» SOURCE MATERIAL
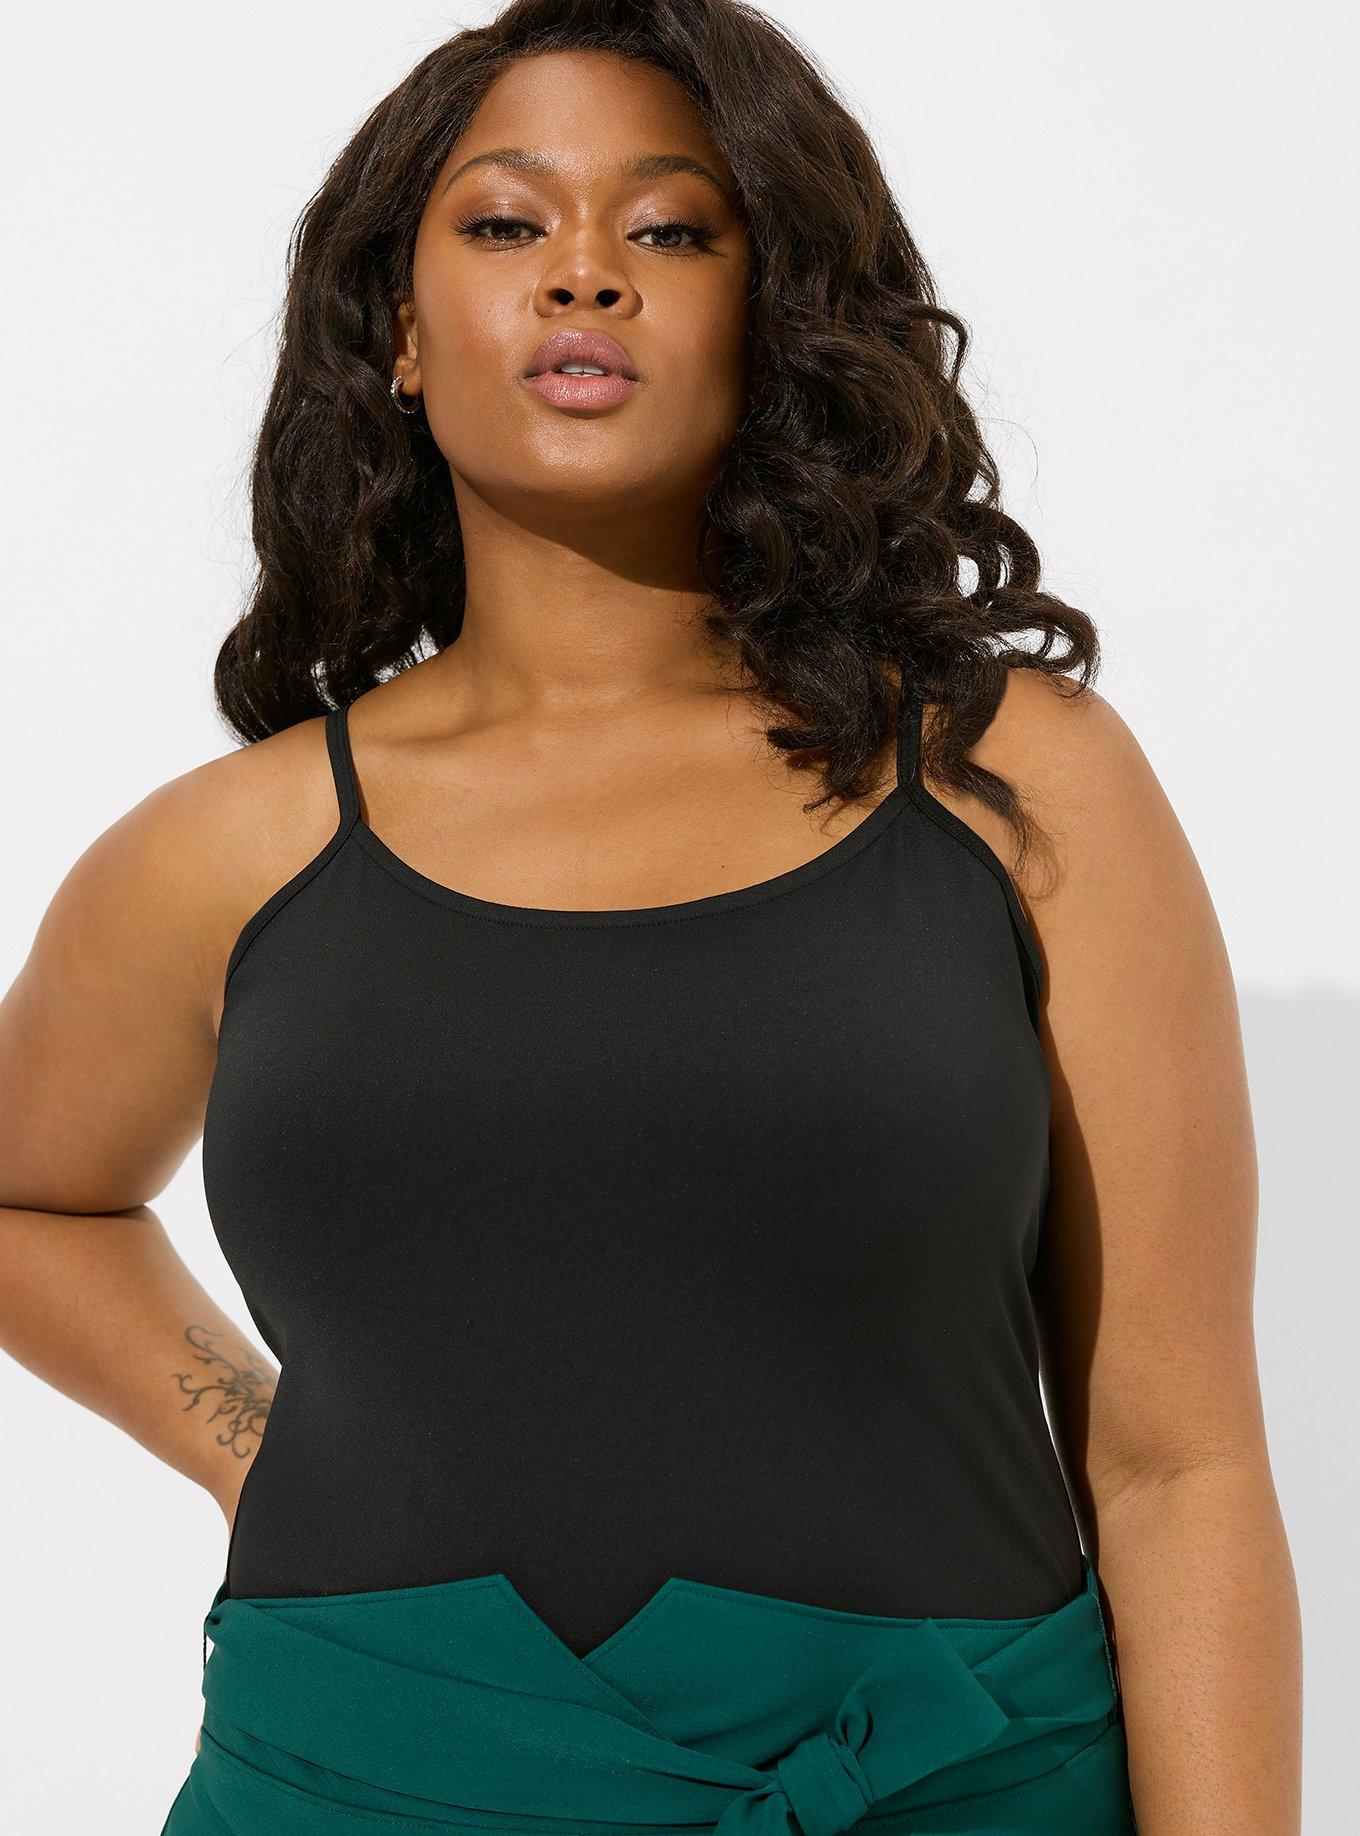 Women's Glamourmom Tricot tank top, size 38 (Black)
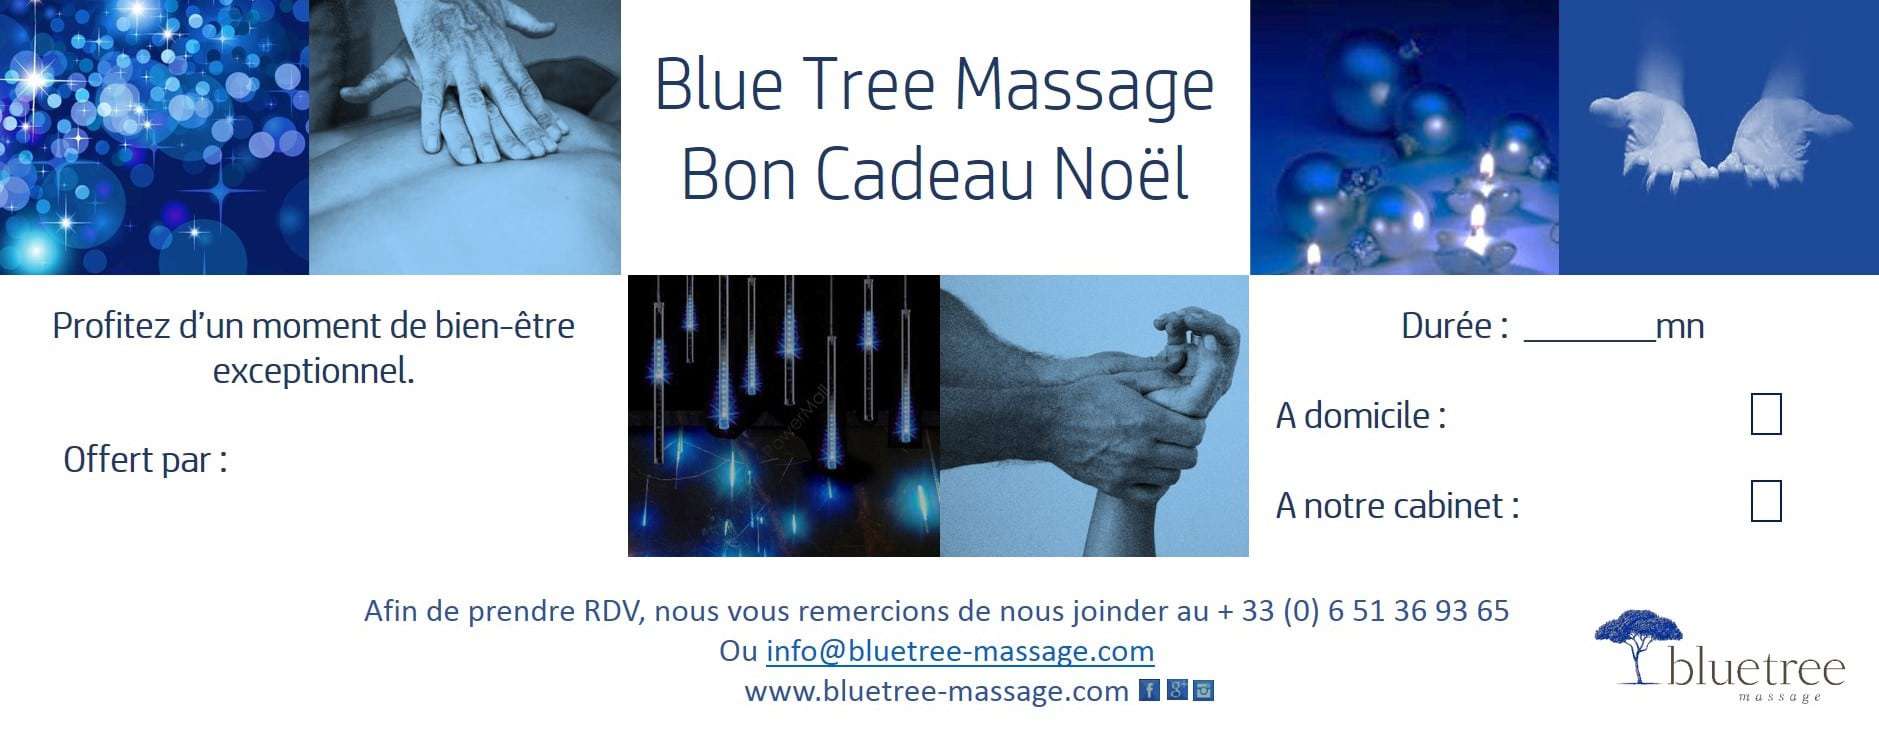 bon-cadeau noel BLUE TREE MASSAGE
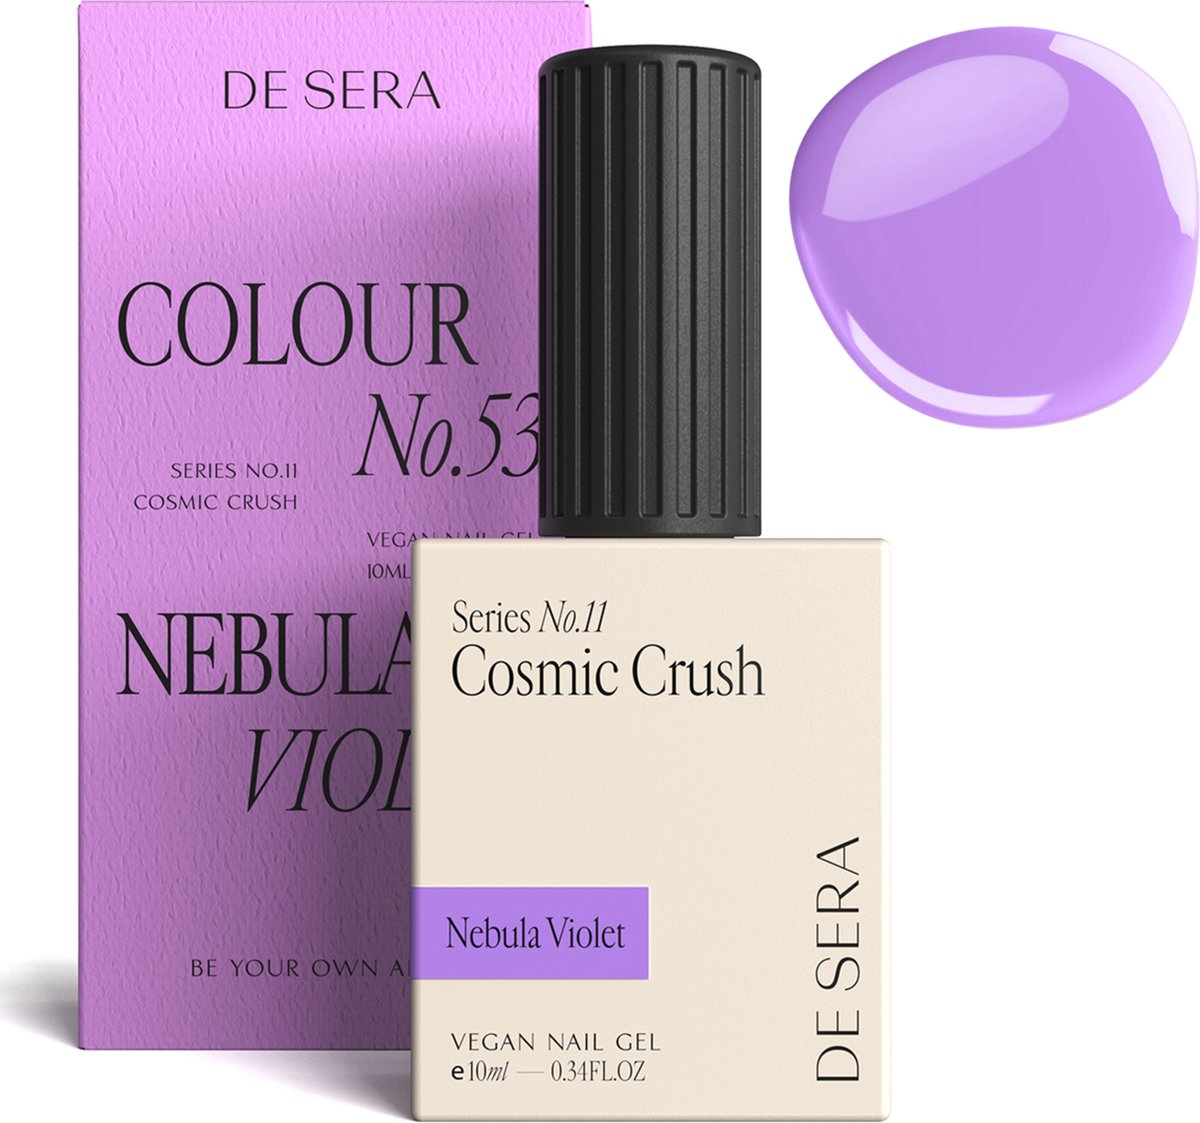 De Sera Gellak - Paarse Gel Nagellak - Paars - 10ML - Colour No. 53 Nebula Violet

» WHAT THIS TASK INVOLVES
Please output the material above again, exactly, and omit every image.

» RESPONSE AREA
 Women's Glamourmom Tricot tank top, size 38 (Black)
 bon-cadeau noel BLUE TREE MASSAGE
 De Sera Gellak - Paarse Gel Nagellak - Paars - 10ML - Colour No. 53 Nebula Violet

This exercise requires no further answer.